Le travail sans couverture sociale (travail informel) engendre des « préjudices invisibles » dans la vie d'un travailleur : aujourd'hui, cela se traduit par des problèmes d'assurance maladie ; demain, par une réduction des jours de retraite ; plus tard, par la perte des allocations chômage ; et par des pertes de droits bien plus graves en cas d'accident du travail ou de maladie professionnelle… De plus, la plupart des gens ne réalisent qu'ils ont travaillé sans couverture sociale que des mois plus tard, lorsqu'ils consultent leur relevé de services en ligne ou lorsqu'ils ne parviennent pas à obtenir une prise en charge sociale à l'hôpital.
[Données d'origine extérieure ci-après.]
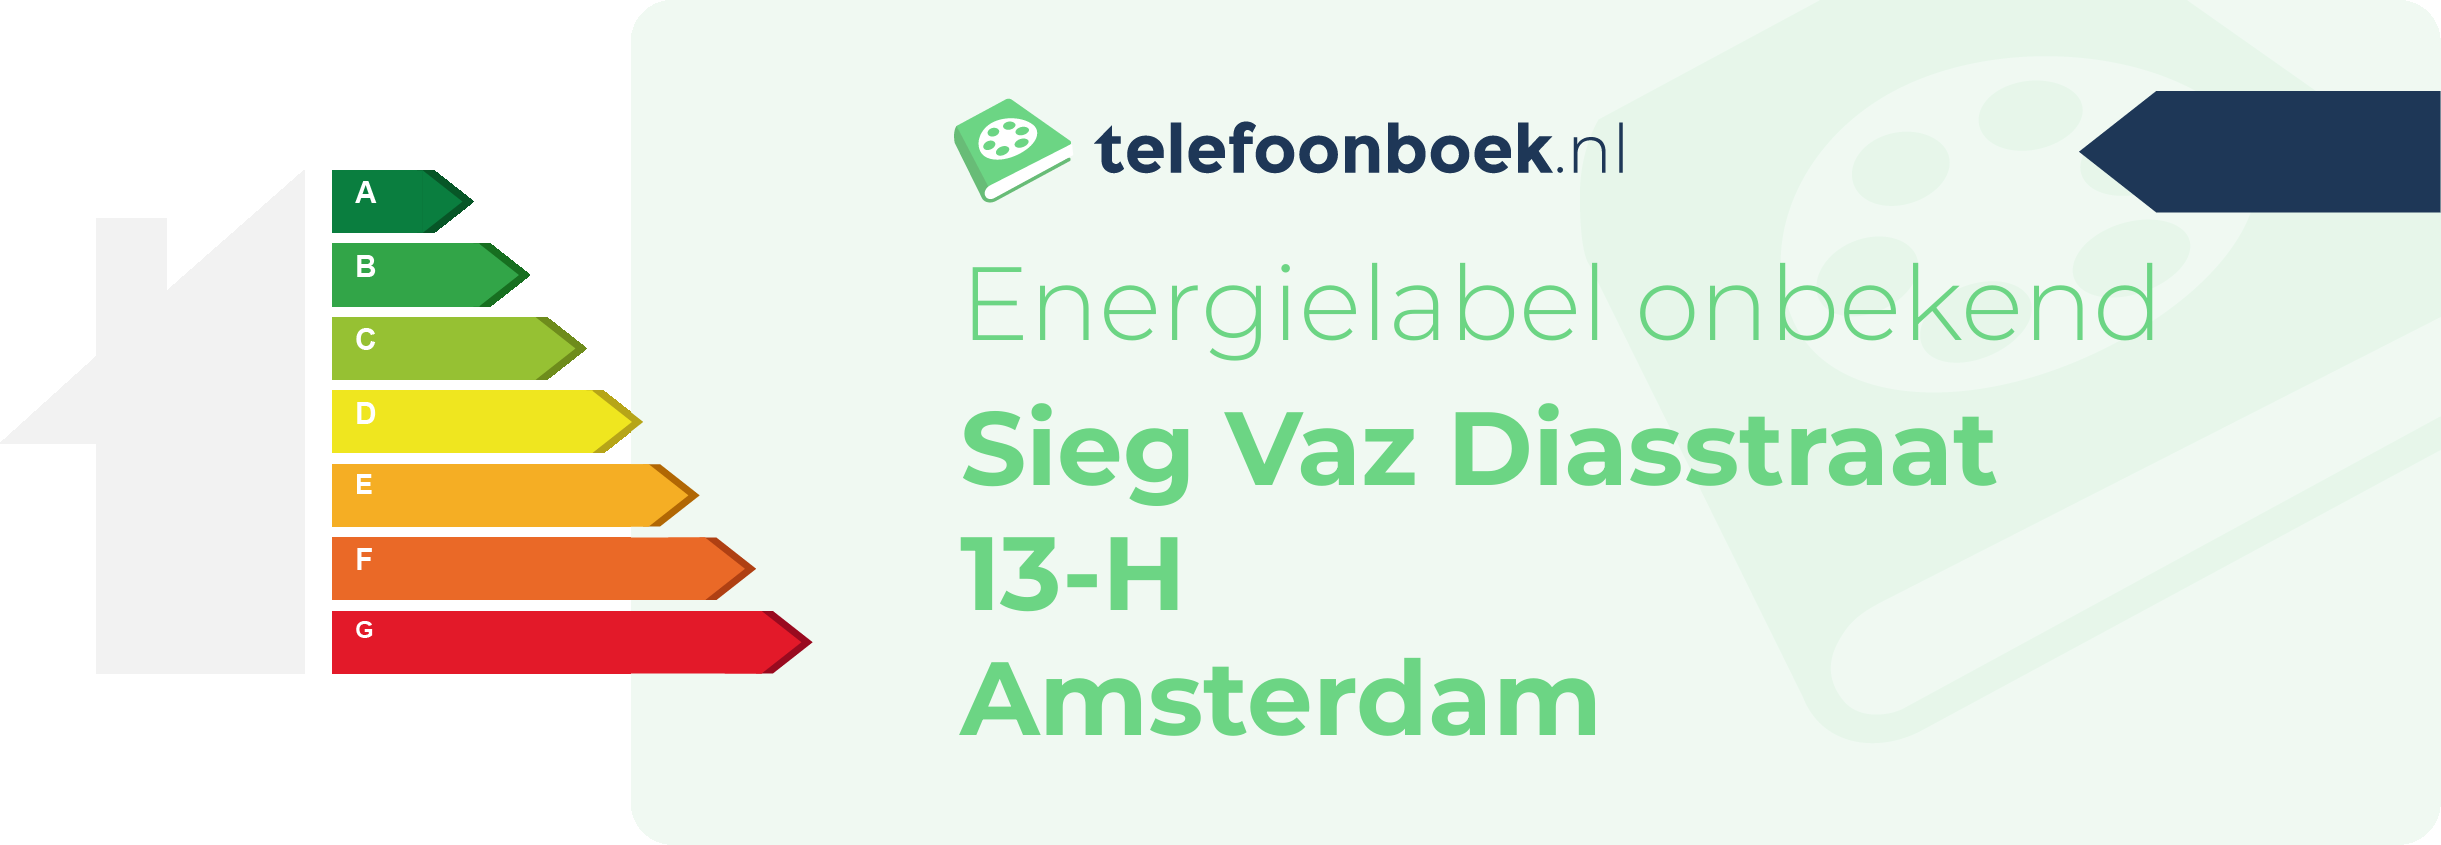 Energielabel Sieg Vaz Diasstraat 13-H Amsterdam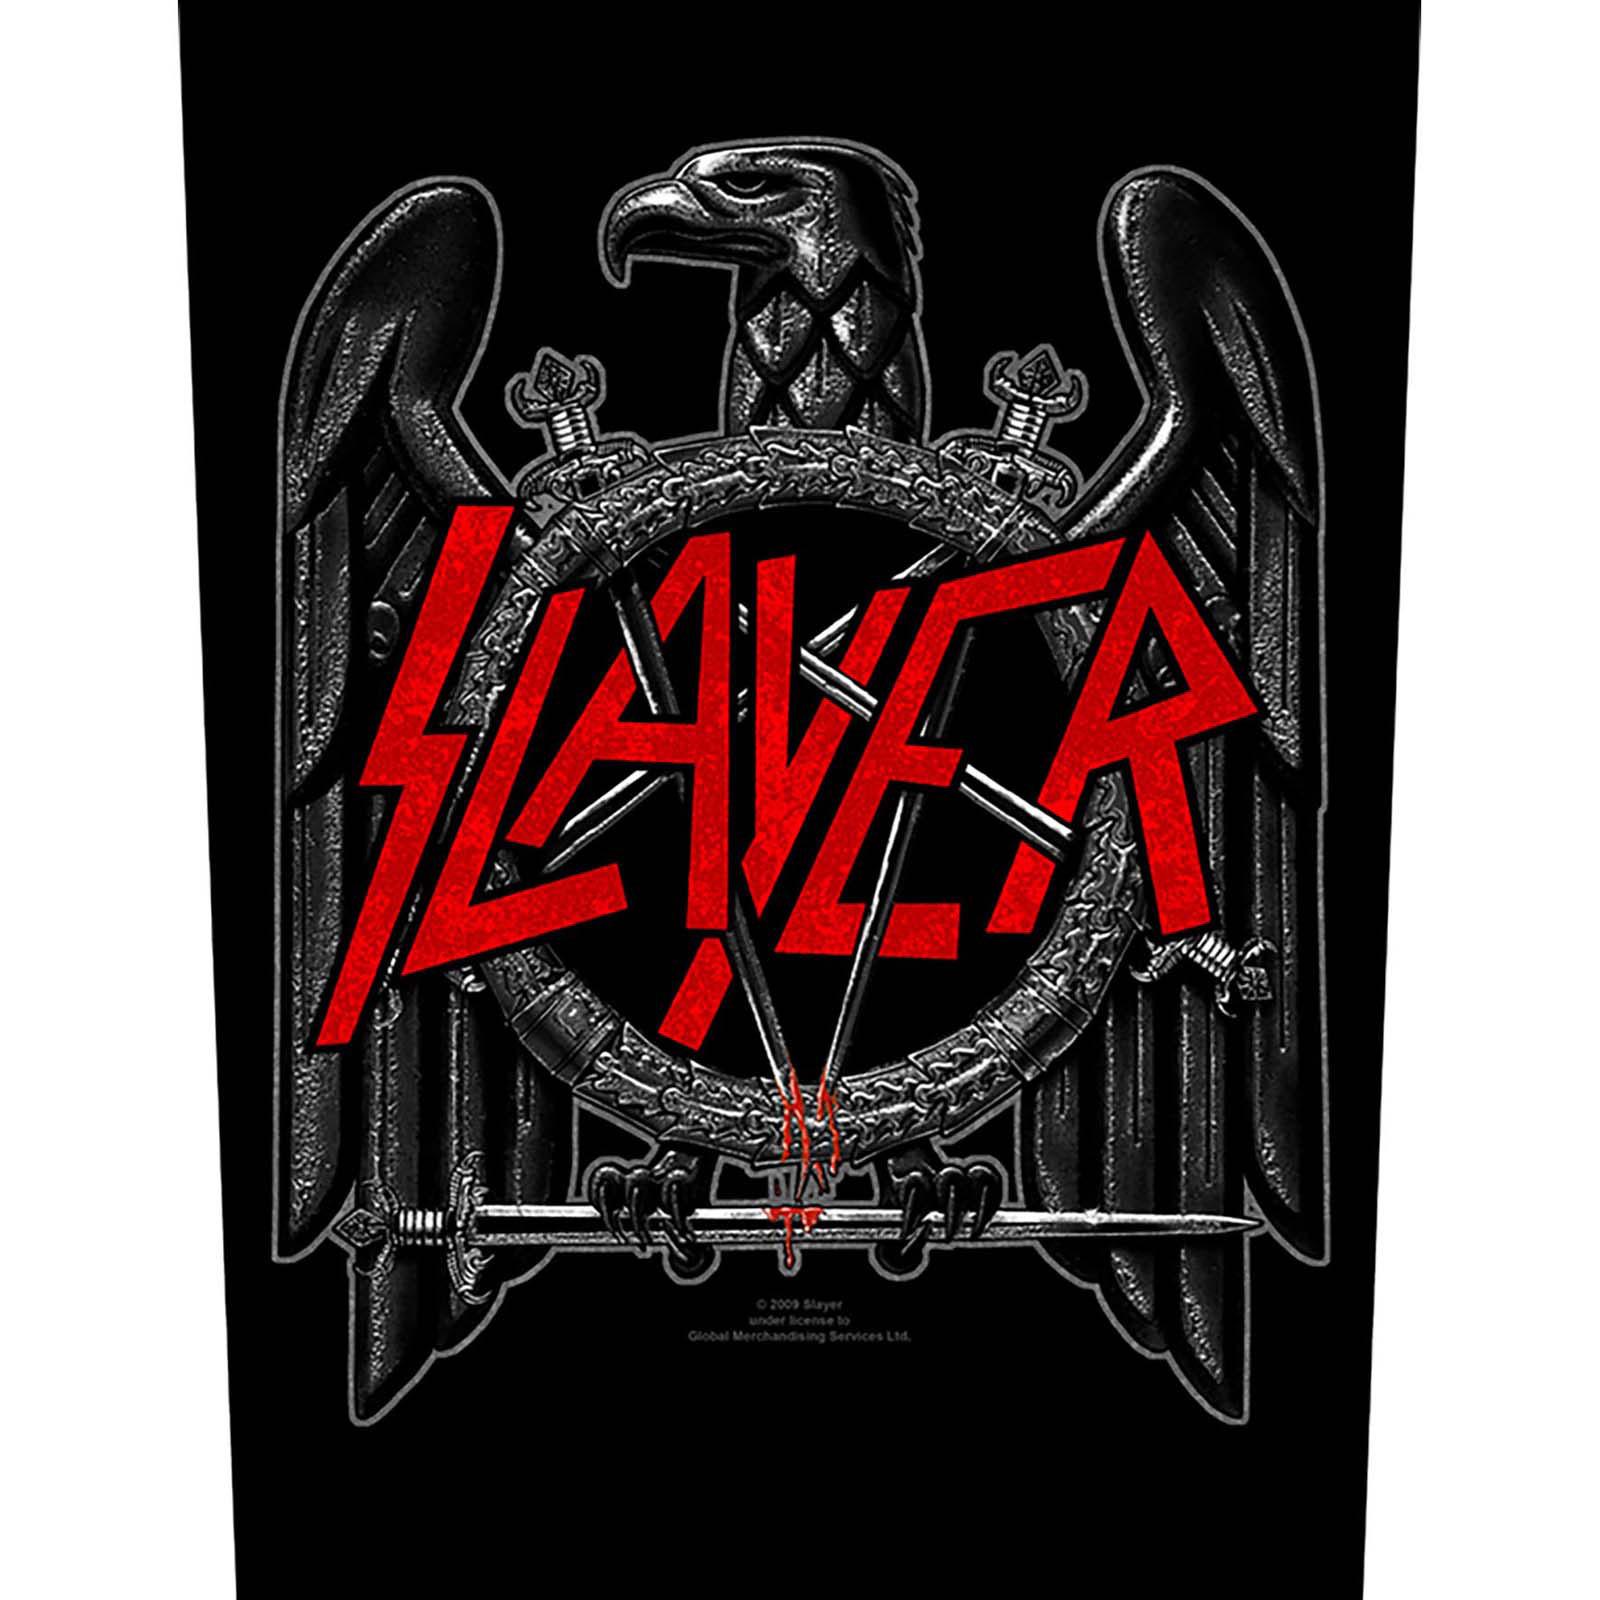 (スレイヤー) Slayer オフィシャル商品 イーグル ワッペン 縫い付けタイプ パッチ 【海外通販】

L’objectif de ce guide peut se résumer en une phrase : comment prouver un emploi non assuré ou sous-déclaré et comment corriger mes dossiers auprès de la Sécurité sociale ?
Pour ce faire, vous devez envisager simultanément deux approches distinctes :

  1. Processus administratif : Plainte/signalement → inspection → enquête → calcul de la prime et sanctions administratives.

  2. Procédure judiciaire : Action en justice relative à la détermination des services → décision du tribunal → traitement rétroactif des services de la SGK (Social Security Institution).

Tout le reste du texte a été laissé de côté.